Le droit fondamental à la liberté de religion fut au cœur des arguments présentés par l'école secondaire Loyola, de Montréal, et ses défenseurs, devant la Cour suprême du Canada, lundi, dans une cause qui oppose l'école au gouvernement du Québec.
L'école catholique anglophone cherche à être exemptée du programme d'éthique et de culture religieuse (ÉCR) devenu obligatoire dans toutes les écoles du Québec en 2008.
L'école Loyola souhaite apporter une valeur ajoutée au contenu du programme en l'enseignant selon une perspective confessionnelle. L'établissement de niveau secondaire pour garçons, fondé et géré par les Jésuites, voudrait que le ministère de l'Éducation accepte l'équivalence de son programme à celui de l'ÉCR.
En décembre 2012, dans un jugement unanime, la Cour d'appel du Québec avait cassé une décision de la Cour supérieure rendue en 2010 qui permettait à l'école Loyola de substituer son propre programme d'enseignement au cours ÉCR.
La Cour supérieure estimait que la décision de la ministre de l'Éducation de l'époque de ne pas accepter la requête de l'école de l'exempter de l'obligation d'enseigner le cours portait atteinte à la liberté de religion de l'institution et de ses membres.
La Cour d'appel avait infirmé la décision de la Cour supérieure en précisant entre autres que l'atteinte à la croyance religieuse de Loyola, s'il y en a une, est négligeable, car il ne s'agit que d'un cours parmi plusieurs.
«De plus, il n'est pas demandé à l'enseignant de réfuter les préceptes de la religion catholique, mais de s'abstenir d'exprimer son opinion ou ses convictions», avait écrit la Cour d'appel dans son jugement.
Mark Phillips, l'avocat de l'école Loyola, a souligné devant la Cour suprême que l'école ne s'oppose pas au programme d'ÉCR, qu'elle est d'accord avec son contenu et ses objectifs, mais qu'elle cherche à l'adapter à ses enseignements en matière de foi et d'éthique.
«Le problème est que Loyola est forcée de se couper de sa propre tradition lorsqu'elle enseigne sa propre croyance religieuse, et qu'on l'oblige à ne prendre aucune position en matière d'éthique», a expliqué Me Phillips.
«Loyola ne demande pas la lune, a-t-il ajouté. Elle ne demande pas l'abolition du programme, elle ne l'attaque pas, ou son usage dans les écoles publiques. Elle dit : "nous voulons respecter qui nous sommes et que notre identité soit respectée".»
Le procureur du gouvernement du Québec, Benoît Boucher, a fait valoir que les deux programmes sont trop différents pour que Québec lui accorde une équivalence.

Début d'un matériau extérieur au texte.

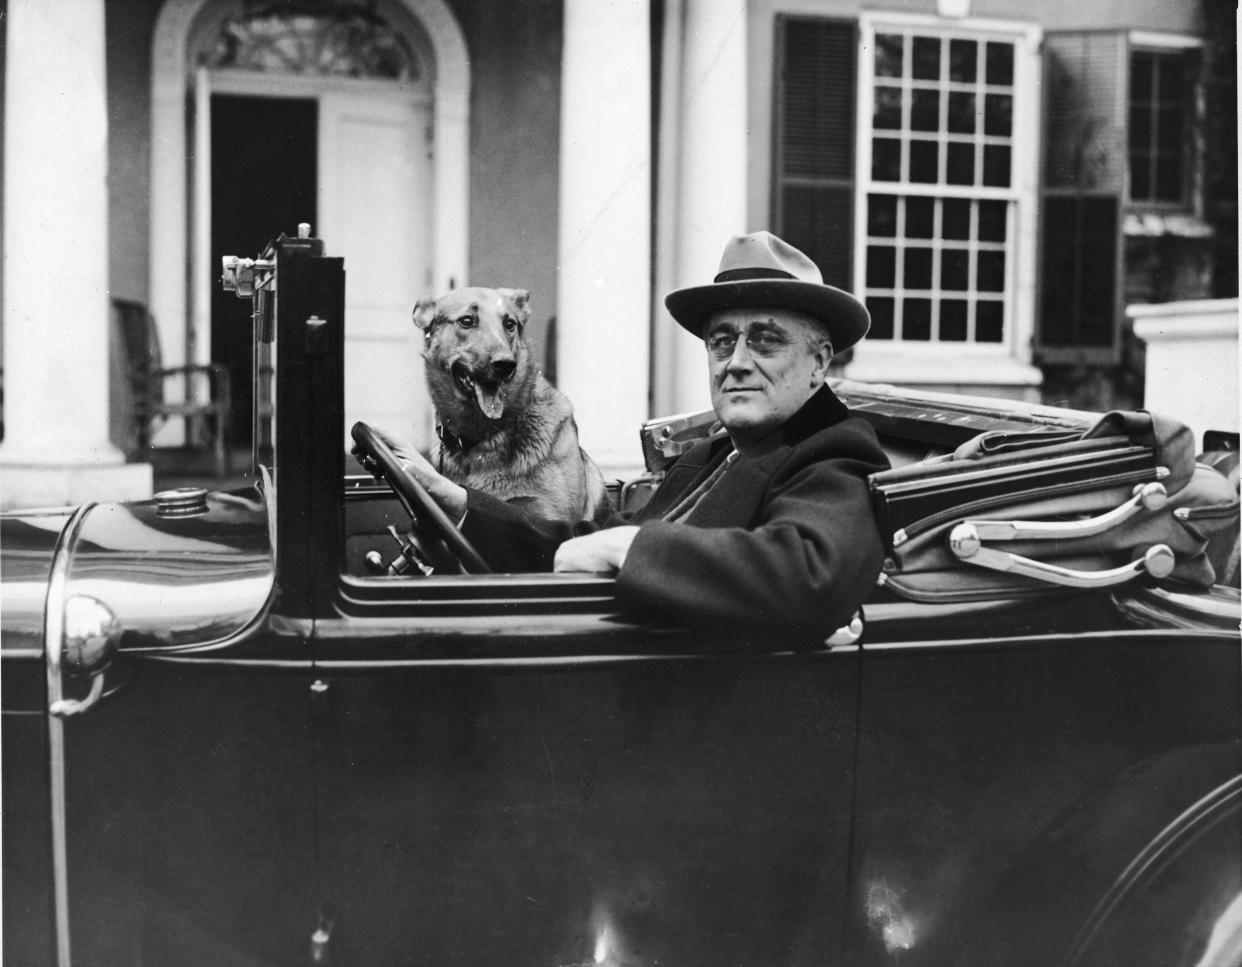 Portrait of American President Franklin Delano Roosevelt behind the wheel of his car outside his home in Hyde Park, New York, mid 1930s. (Getty Images)

«L'un vise l'enseignement de la religion, l'autre vise la découverte à l'égard de religions, de personnes, de ce que font les gens dans la société autour de nous», a expliqué Me Boucher.
«Ce programme-ci, qui est neutre, ne contrevient pas à la liberté de religion de ceux qui devaient le recevoir. Il aurait fallu pour Loyola, je crois, démontrer, si telle est leur prétention, que le fait de l'enseigner contrevient davantage à la liberté de religion que le fait de le recevoir. Je ne crois pas que cette démonstration fut faite», a aussi souligné Me Boucher.
Robert Reynolds, du «Christian Legal Fellowship», qui est intervenu pour l'école Loyola, a dénoncé l'intervention de l'État dans le droit d'une personne à recevoir un enseignement de la religion dans un cadre confessionnel.
«Le Dr. (John) Zucchi (co-appelant dans ce dossier) a envoyé son fils à l'école Loyola pour qu'il reçoive une éducation selon une perspective catholique. Selon les lois internationales, l'État doit respecter ce choix», a-t-il plaidé, précisant en outre que le programme d'ÉCR «encourage la pensée agnostique».
Le programme Éthique et culture religieuse a remplacé les programmes d'enseignement moral et d'enseignement moral et religieux. Le programme compte 250 heures d'enseignement au niveau secondaire.
La Cour suprême a mis la cause en délibéré.